LLM API Rate Limits:
The system relies on external LLM APIs which have rate limits. This restricts the number of patients and trials that can be processed in a given time period. Consider using paid API plans or implementing caching mechanisms for production use.
Context Window Constraints:
The Llama 3.2 3B-Instruct model has a context window of 4096 tokens, limiting the amount of patient data and trial information that can be processed simultaneously. This may affect the comprehensiveness of the analysis, particularly for complex medical histories or detailed trial criteria.
LLM Output Variability:
Despite prompt engineering, LLM outputs can vary, affecting the consistency of matching results.
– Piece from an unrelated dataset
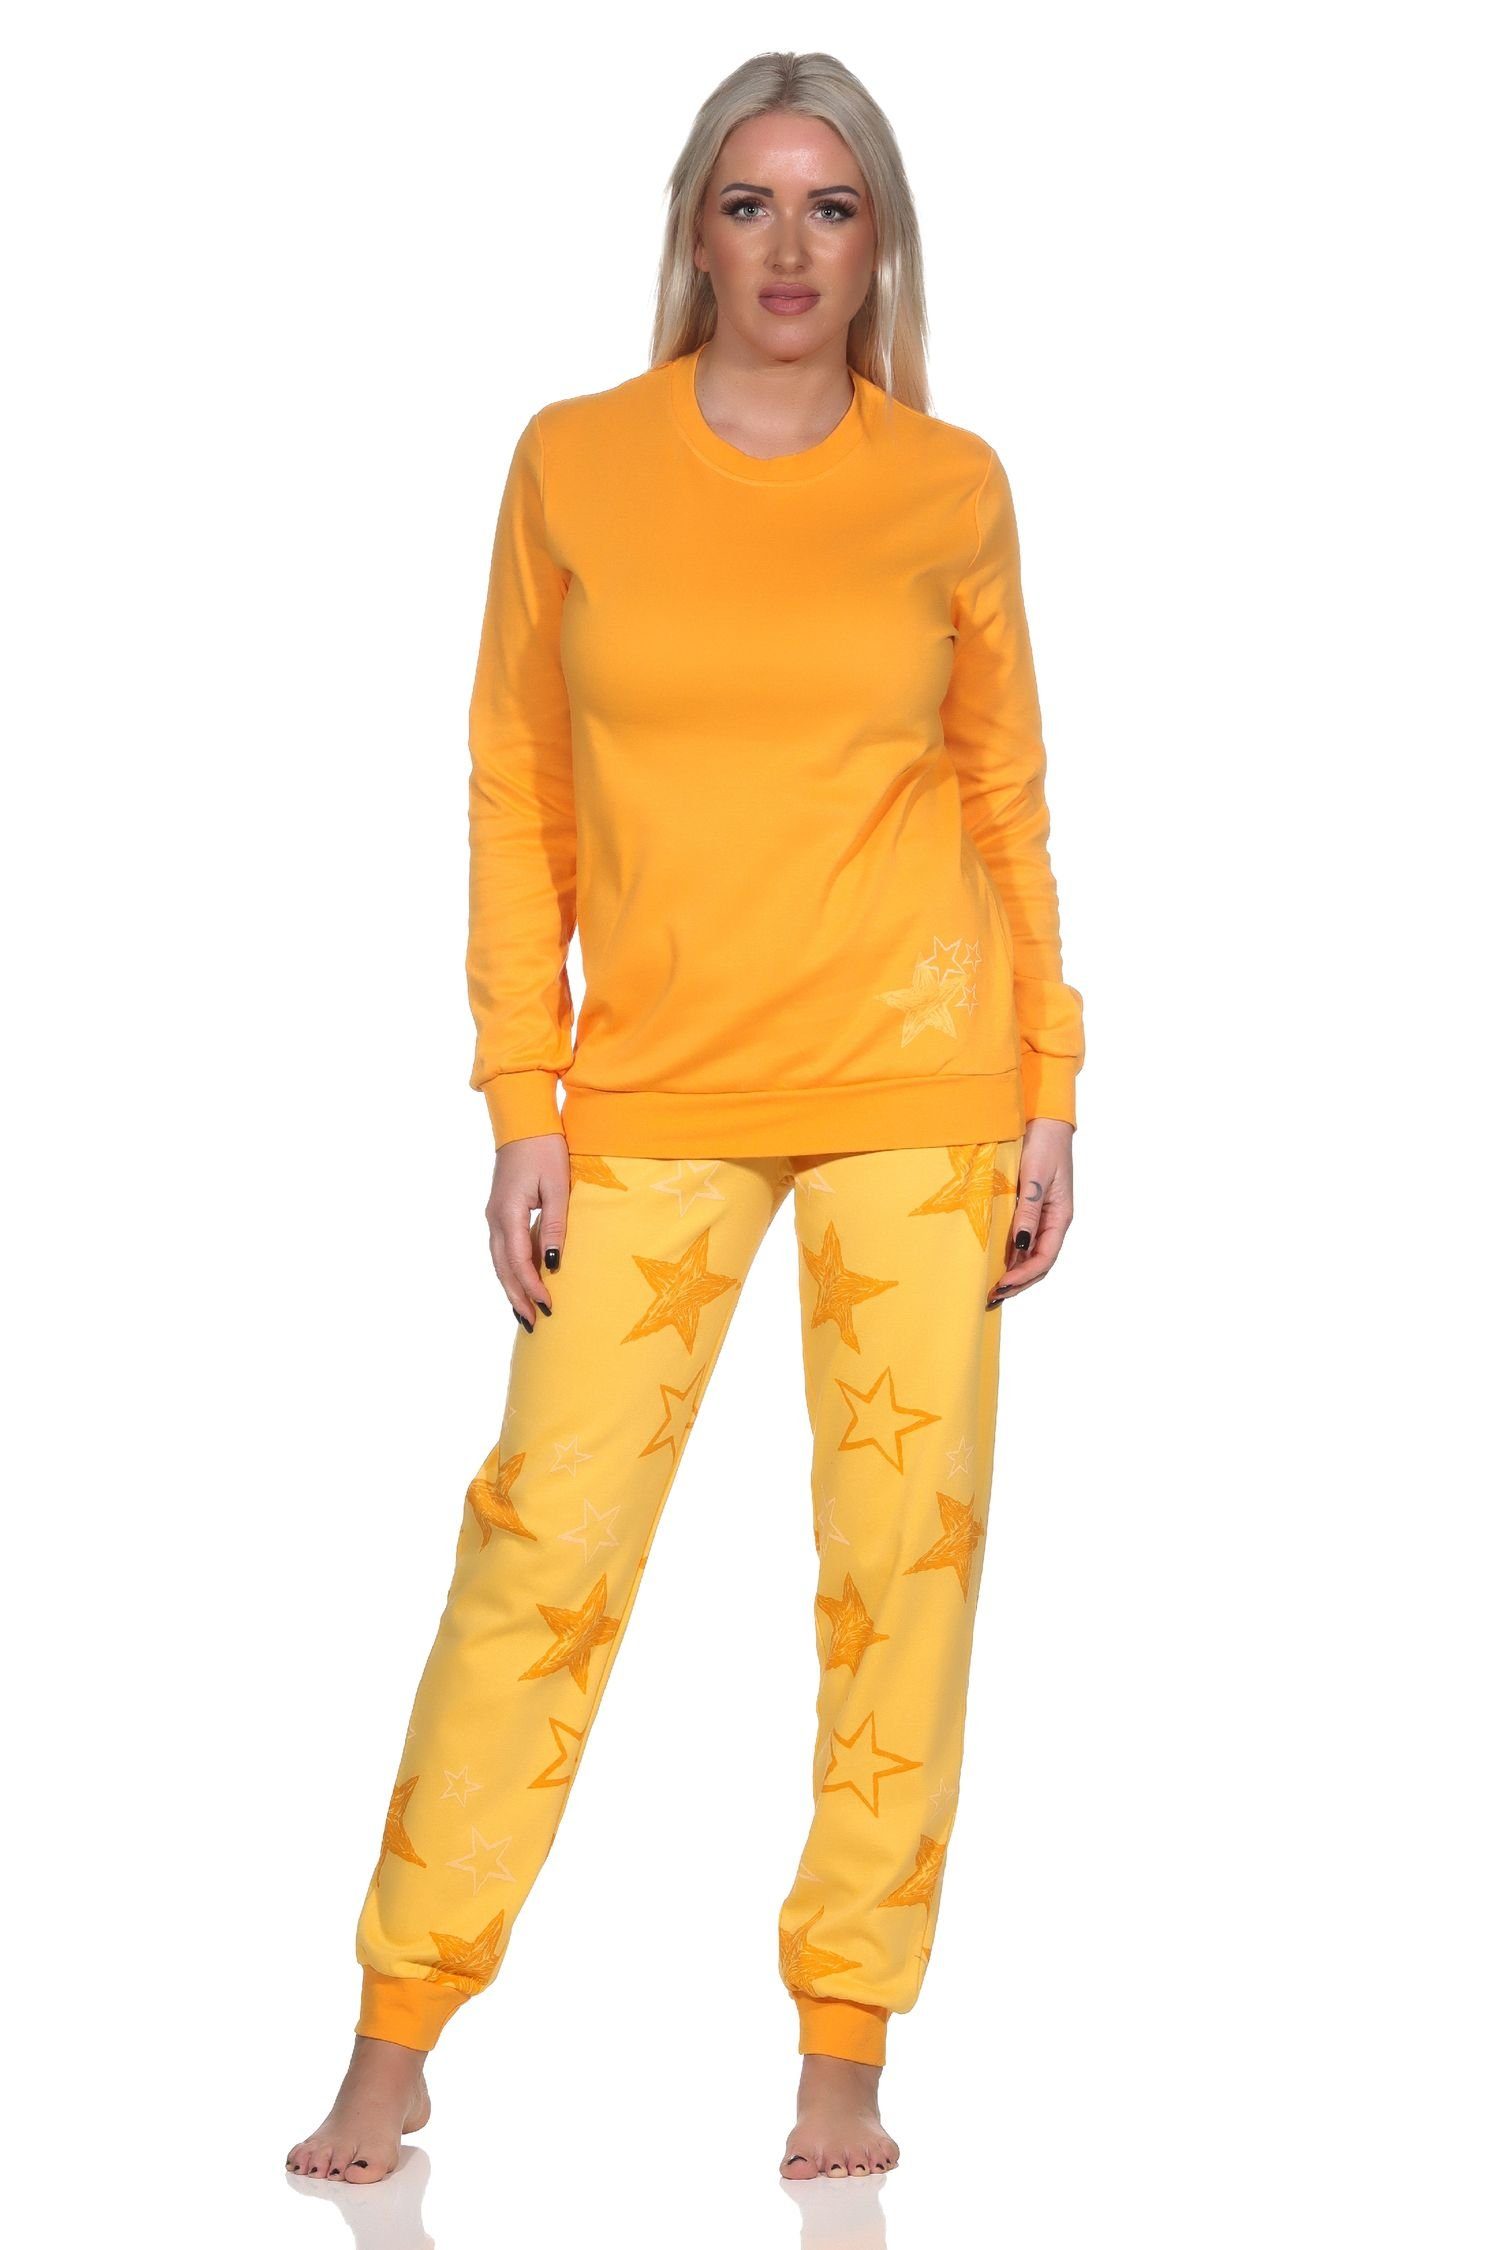 Optik in Sterne Damen orange Normann Interlock Qualität Pyjama Schlafanzug Normann Kuschel

This variability is inherent to current language models and can impact the reliability of the eligibility assessments.
Embedding Model Limitations:
The system uses a relatively small embedding model (all-MiniLM-L6-v2) which, while efficient, may not capture all the nuances of medical terminology and relationships compared to larger domain-specific models.

Future Improvements

Enhanced LLM Integration:
Implement larger models like GPT-4, Claude 3 Opus, or Llama 3.2 70B for more accurate analysis
Explore medical domain-specific fine-tuned models for improved understanding of clinical terminology
Advanced Embedding Techniques:
Implement keyword extraction before embedding generation
Use larger, medical domain-specific embedding models
Explore hybrid retrieval approaches combining sparse and dense embeddings
Refined Matching Algorithm:
Optimize the weighting between inclusion and exclusion criteria similarity
Implement more sophisticated scoring mechanisms that account for the importance of different criteria
Develop a feedback loop to improve matching accuracy over time
System Robustness:
Add comprehensive test suite for all components
Implement caching and rate-limiting strategies for API calls
Develop monitoring and logging for production deployment
User Interface:
Create a web interface for easier interaction with the system
Implement visualization tools for match results
Develop export functionality to various formats (CSV, Excel, Google Sheets)
Domain-Specific Customization:
Fine-tune models on medical literature and clinical trial data
Implement specialized processing for different medical specialties
Develop custom prompts for different types of clinical trials

License

This project is licensed under the MIT License.